Loss Functions & Metrics

Loss: Dice Loss (smooth, differentiable)
Metrics: Dice Coefficient, IoU (Intersection over Union), AUC (Area Under ROC Curve)
Per-Image Metrics: Individual metrics for each test image
Advanced Logging: Layer activation monitoring and histograms

Data Handling

Dataset: Automatic loading of images and masks
Preprocessing: Normalization, padding to multiples of 32
Image Format: Supports PNG images

Installation

Requirements

Python 3.8+
CUDA 11.8+ (for GPU support)
~3.5 GB disk space for dependencies

Quick Install

cd /home/vlv/Documents/master/deepLearning/project/codebase
pip install -r requirements.txt

Verify Installation

python -c "import torch; print(f'PyTorch: {torch.__version__}'); print(f'CUDA available: {torch.cuda.is_available()}')"

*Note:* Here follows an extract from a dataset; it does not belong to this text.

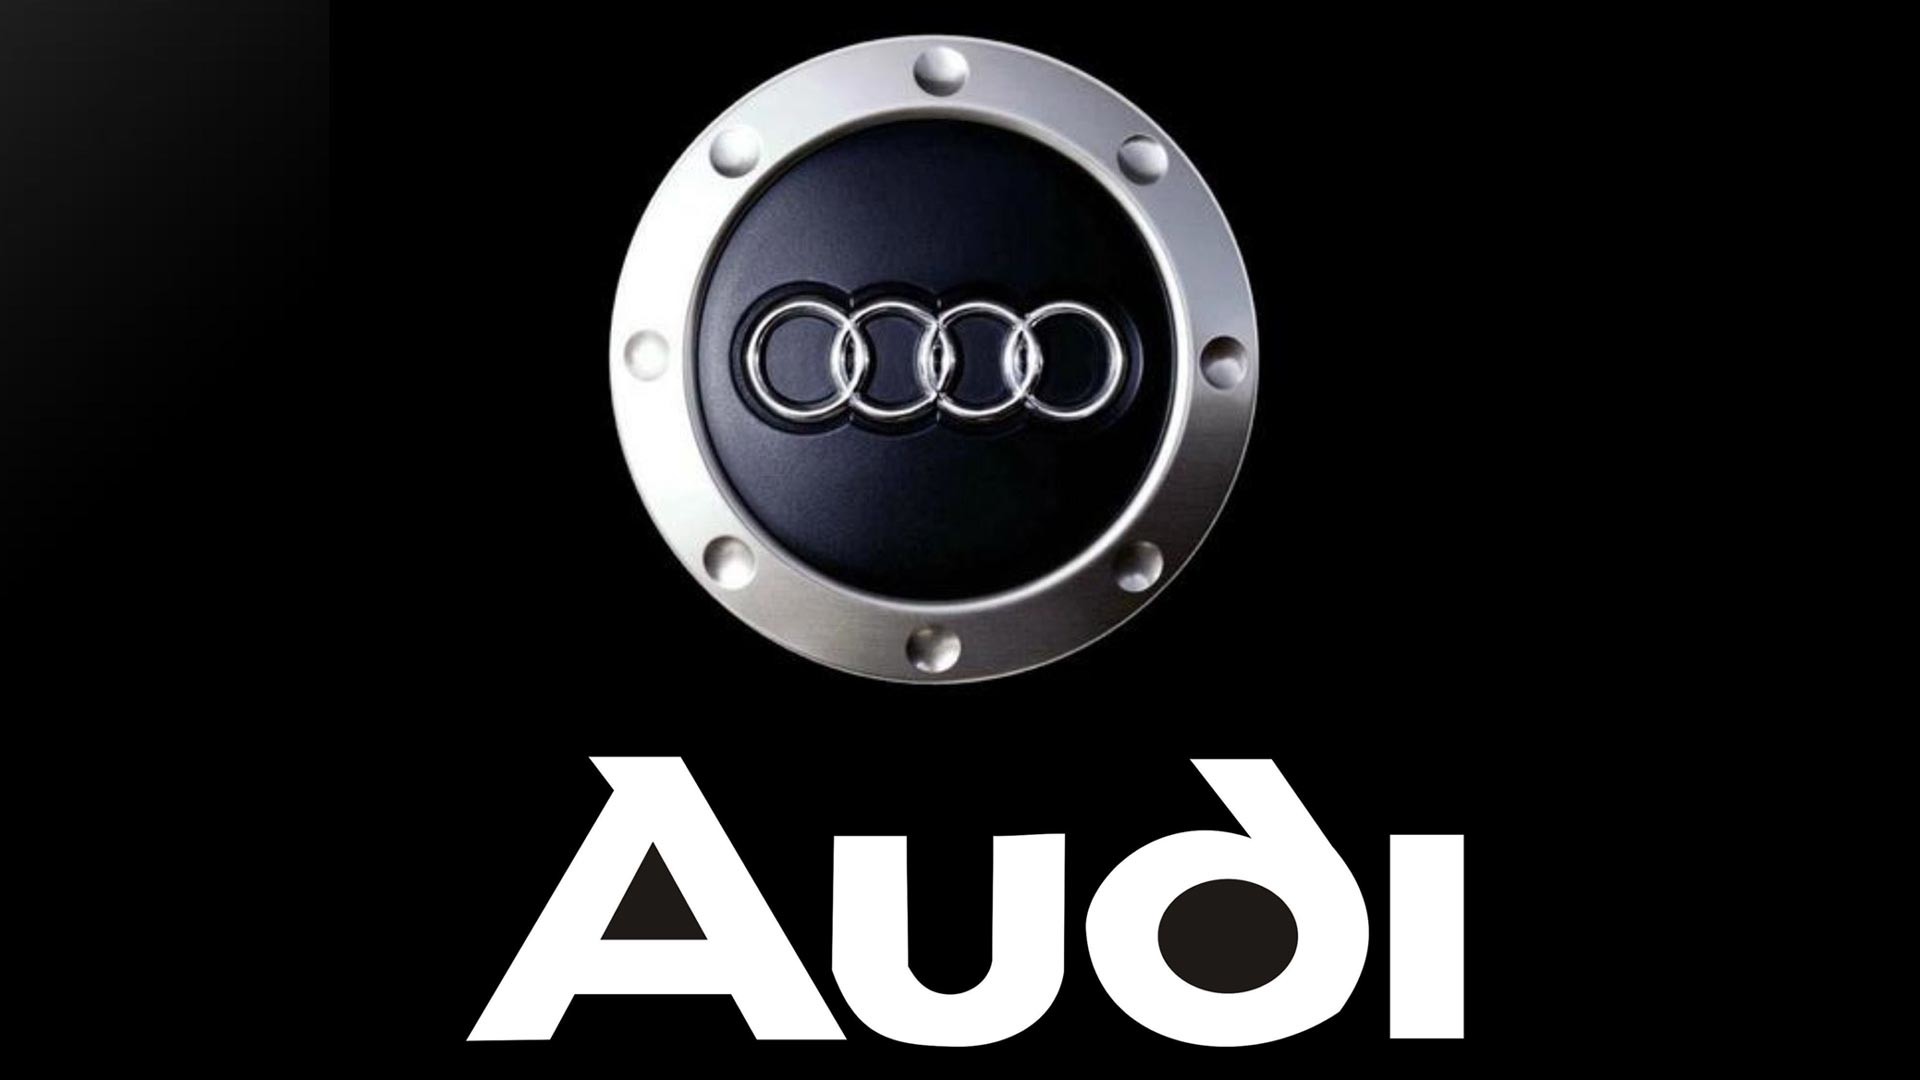 1920x1080 Audi Logo Full HD Wallpaper

For detailed installation instructions and troubleshooting, see INSTALL.md.

Data Setup

Available Dataset Configurations

The pipeline supports multiple FIVES dataset variants at different resolutions and channel configurations:

Config File	Resolution	Channels	Description
`fives_rgb.yaml`	2048x2048	3 (RGB)	Original high-resolution
`fives_512.yaml`	512x512	3 (RGB)	Legacy 512x512 RGB (backward compatible)
`fives512_rgb.yaml`	512x512	3 (RGB)	512x512 RGB
`fives512_g.yaml`	512x512	1 (Green)	512x512 green channel only
`fives256_rgb.yaml`	256x256	3 (RGB)	256x256 RGB
`fives256_g.yaml`	256x256	1 (Green)	256x256 green channel only

Dataset Directory Structure

All datasets follow this structure:

codebase/data/FIVES<VARIANT>/
├── train/
│   ├── image/          # Training images (*.png)
│   └── label/          # Training masks (*.png)
├── val/
│   ├── image/          # Validation images
│   └── label/          # Validation masks
└── test/
    ├── image/          # Test images
    └── label/          # Test masks

Where <VARIANT> is:

_RGB - Original resolution RGB
512_RGB - 512x512 RGB
512_G - 512x512 green channel
256_RGB - 256x256 RGB
256_G - 256x256 green channel

Using a Dataset Configuration

In your experiment config, reference the dataset:

# For RGB datasets
dataset: "configs/datasets/fives512_rgb.yaml"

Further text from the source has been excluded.